Question 1: Im loading 1 hour bar data. Can I resample from 1 hour bars to 90 minute bars, like this?:
data = bt.feeds.GenericCSVData( dataname='./data/VXX-1h-2016-08-09us.csv', #1 hour bars timeframe=bt.TimeFrame.Minutes, compression=60, sessionstart=datetime.time(9, 30), sessionend=datetime.time(15, 0)) #souce resolution is a higher timeframe than destination resolution - does that work? cerebro.resampledata(data, timeframe=bt.TimeFrame.Minutes, compression=90)
Question 2: Im loading 15min bar data. Can i resample from 15min bars to 120min bars like this?:
data = bt.feeds.GenericCSVData( dataname='./data/VXX-15m-2016-08-09us.csv', #15 minute bars timeframe=bt.TimeFrame.Minutes, compression=15, sessionstart=datetime.time(9, 30), sessionend=datetime.time(16, 0)) #souce resolution is divisible with destination resolution - is that a requirement? cerebro.resampledata(data, timeframe=bt.TimeFrame.Minutes, compression=120)
Question 3: Im loading 15min bar data. Can i resample from 15min bars to 50min bars like this?:
data = bt.feeds.GenericCSVData( dataname='./data/VXX-15m-2016-08-09us.csv', #15 minute bars timeframe=bt.TimeFrame.Minutes, compression=15, sessionstart=datetime.time(9, 30), sessionend=datetime.time(16, 0)) #souce resolution is indivisible with destination resolution - does that work? cerebro.resampledata(data, timeframe=bt.TimeFrame.Minutes, compression=50)

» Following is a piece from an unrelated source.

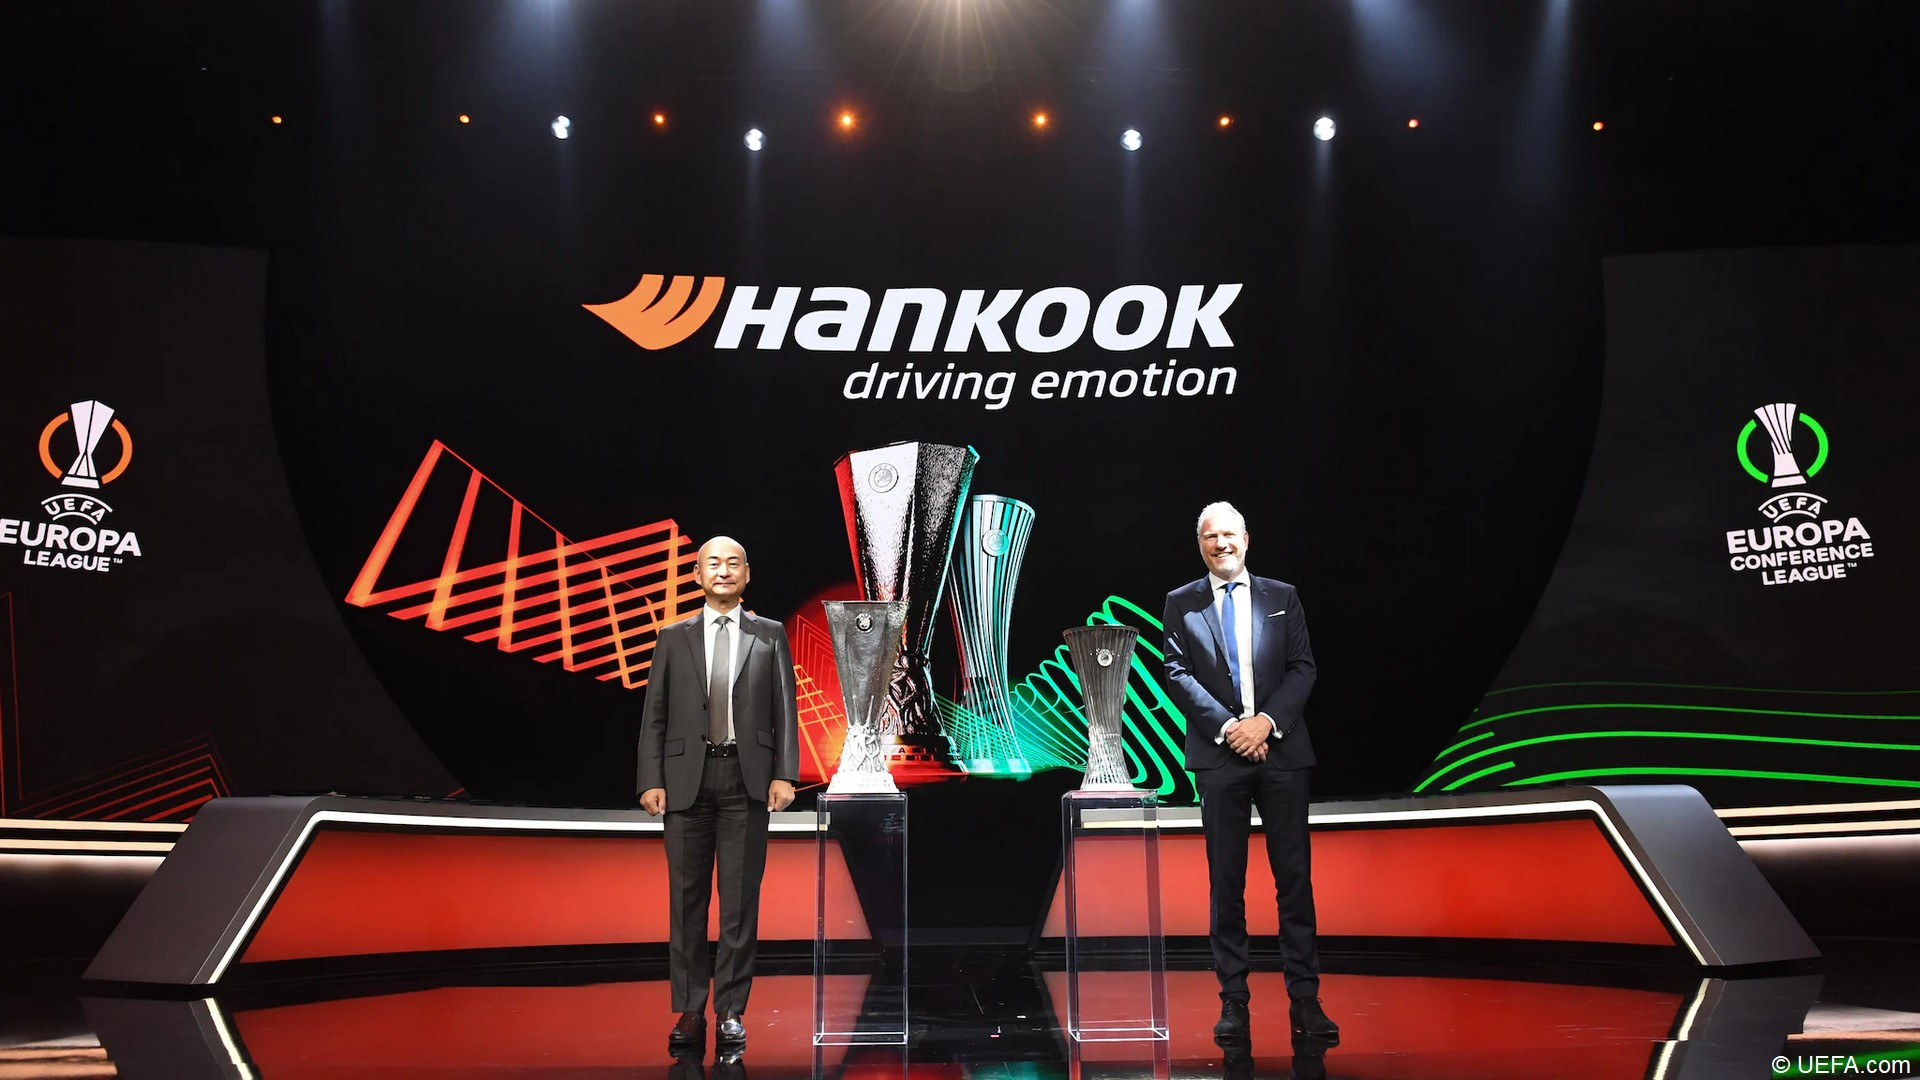 Hankook x UEFA (football) 2021

Question 4: Using NASDAQ as an example trading session starts 9.30 and ends 16.00 and my feed data consists of 1 hour bars with first daily bar at 10.00 last daily bar at 15.00. Should sessionstart and sessionend be set:
#the data's trading hours sessionstart=datetime.time(10, 0), sessionend=datetime.time(15, 0)
Or:
#the exchange's actual trading hours sessionstart=datetime.time(9, 30), sessionend=datetime.time(16, 0)
Also if possible please explain the role og sessionstart and sessionend, like what does it do? And should always set them when loading data?
Thx in advance :-)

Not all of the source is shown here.